Security is our top priority
Built-in Security Features
Customer access points, also called API endpoints, allow secure HTTP access (HTTPS) so that you can establish secure communication sessions with your Cloud-A services using SSL/TLS.
You can control how accessible your instances are by configuring built-in firewall rules – from totally public to completely private, or somewhere in between. And when your instances reside within a Virtual Private Cloud (VPC) network, you can control egress as well as ingress.
The Cloud-A Virtual Private Cloud (VPC) service allows you to add another layer of network security to your instances by creating private subnets and even adding an IPsec VPN tunnel between your home network and your Cloud A VPC.
Centralized key management
For customers who use encryption extensively and require strict control of their keys, we offer a convenient management option for creating and administering the keys used to encrypt your data, or access your servers.
Sharing the Security Responsibility
For IaaS services like Cloud-A compute instances and Swift bulk object storage, you have more control and therefore more configuration work to do.

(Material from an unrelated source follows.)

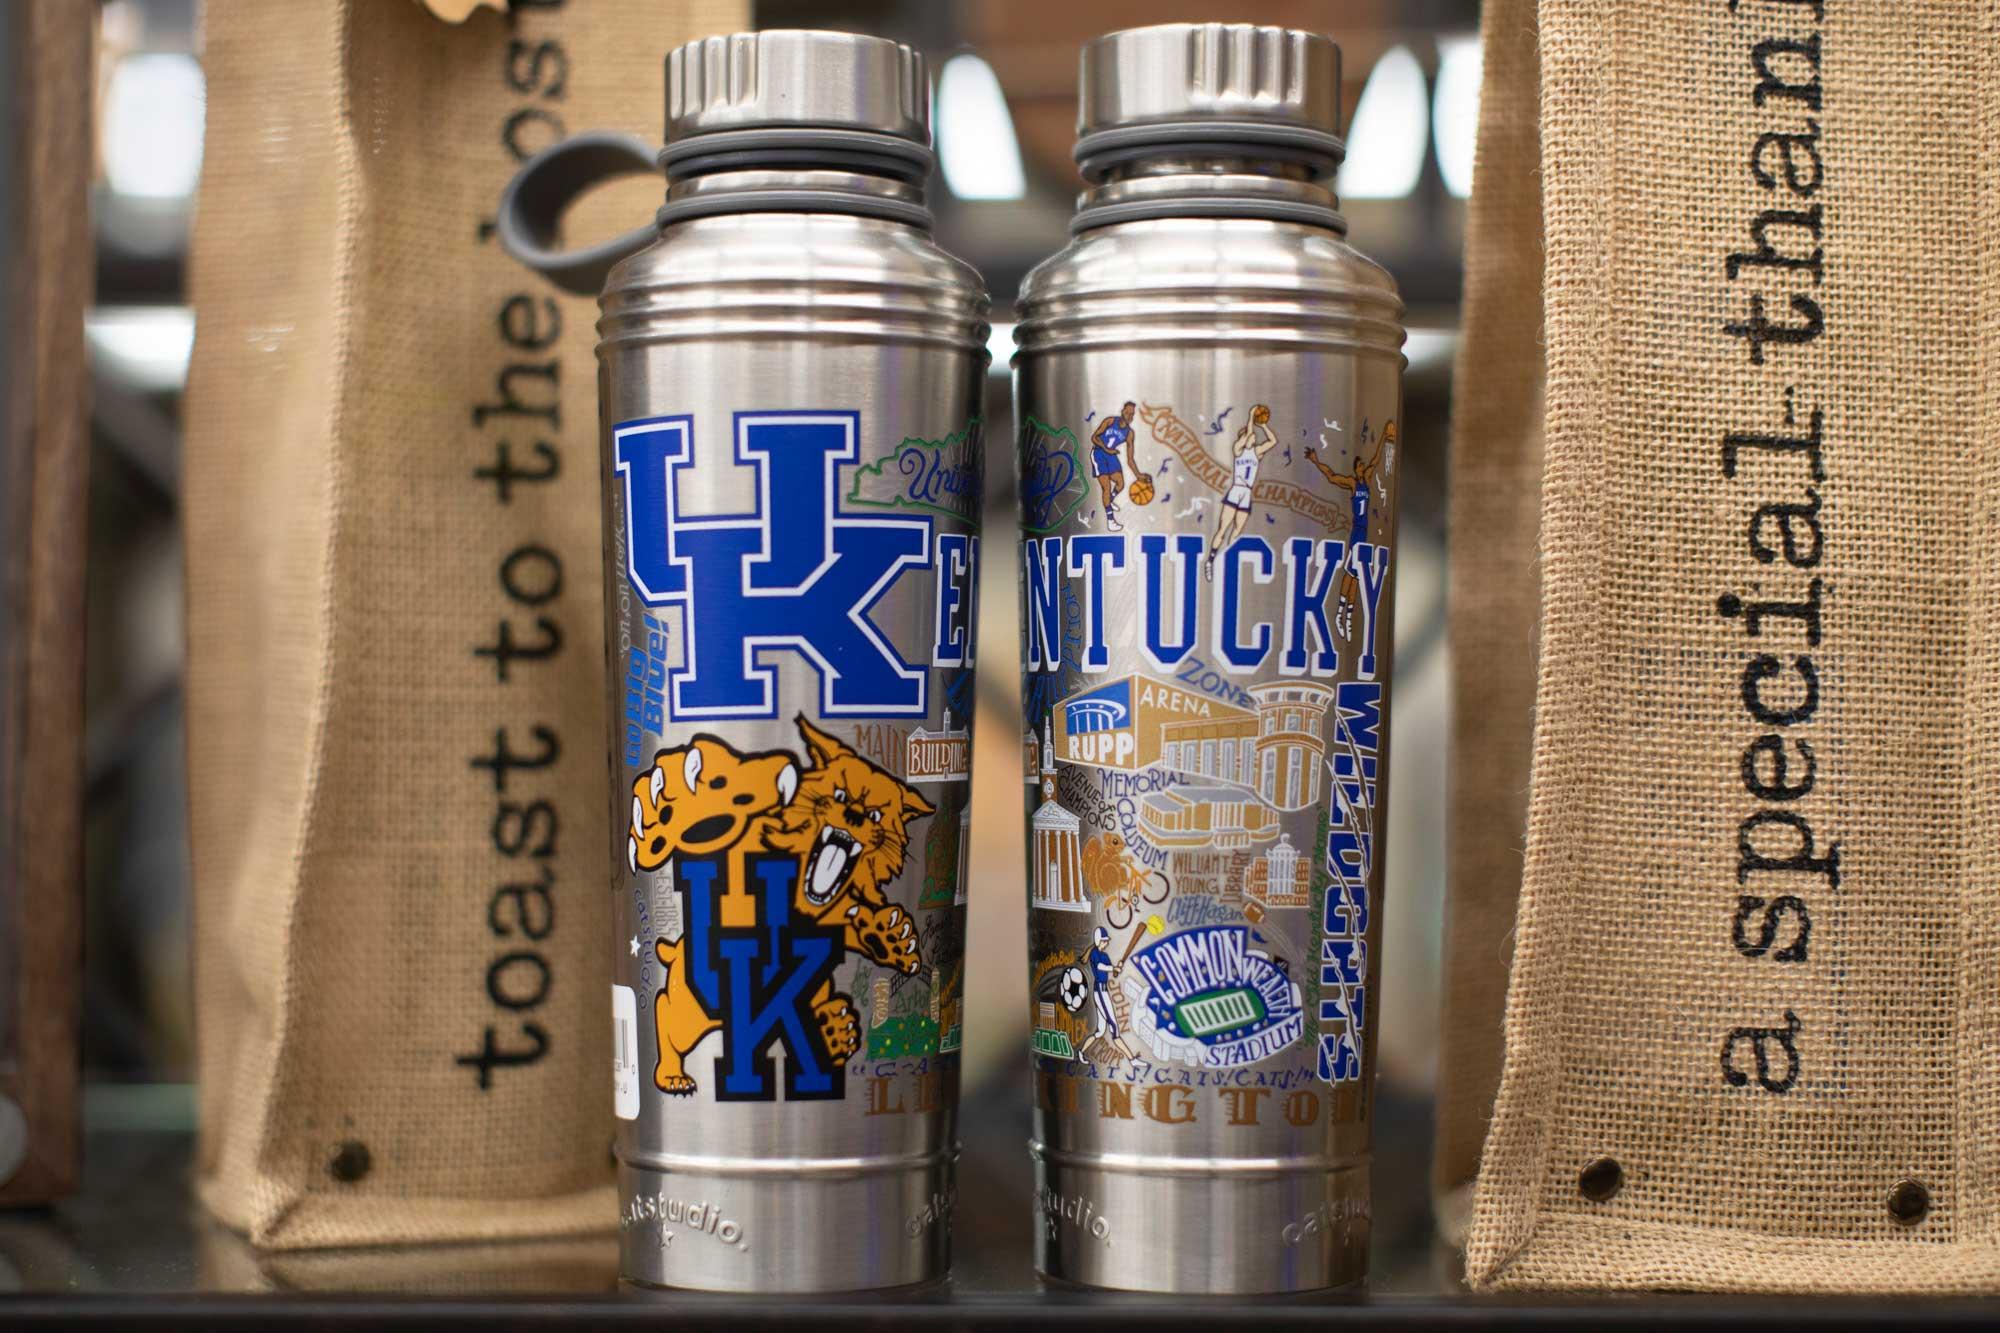 UK Kentucky thermos

For compute instances, you’re responsible for patching the guest OS on the instances as well as any software you install on them, configuring the security group (firewall) that allows outside access to your instances, and setting up any VPC subnets that the instances reside within, etc. For Swift bulk object storage, you must set the access control policies for each of your storage buckets, set up encryption options for the stored data, and specify backup and archiving preferences.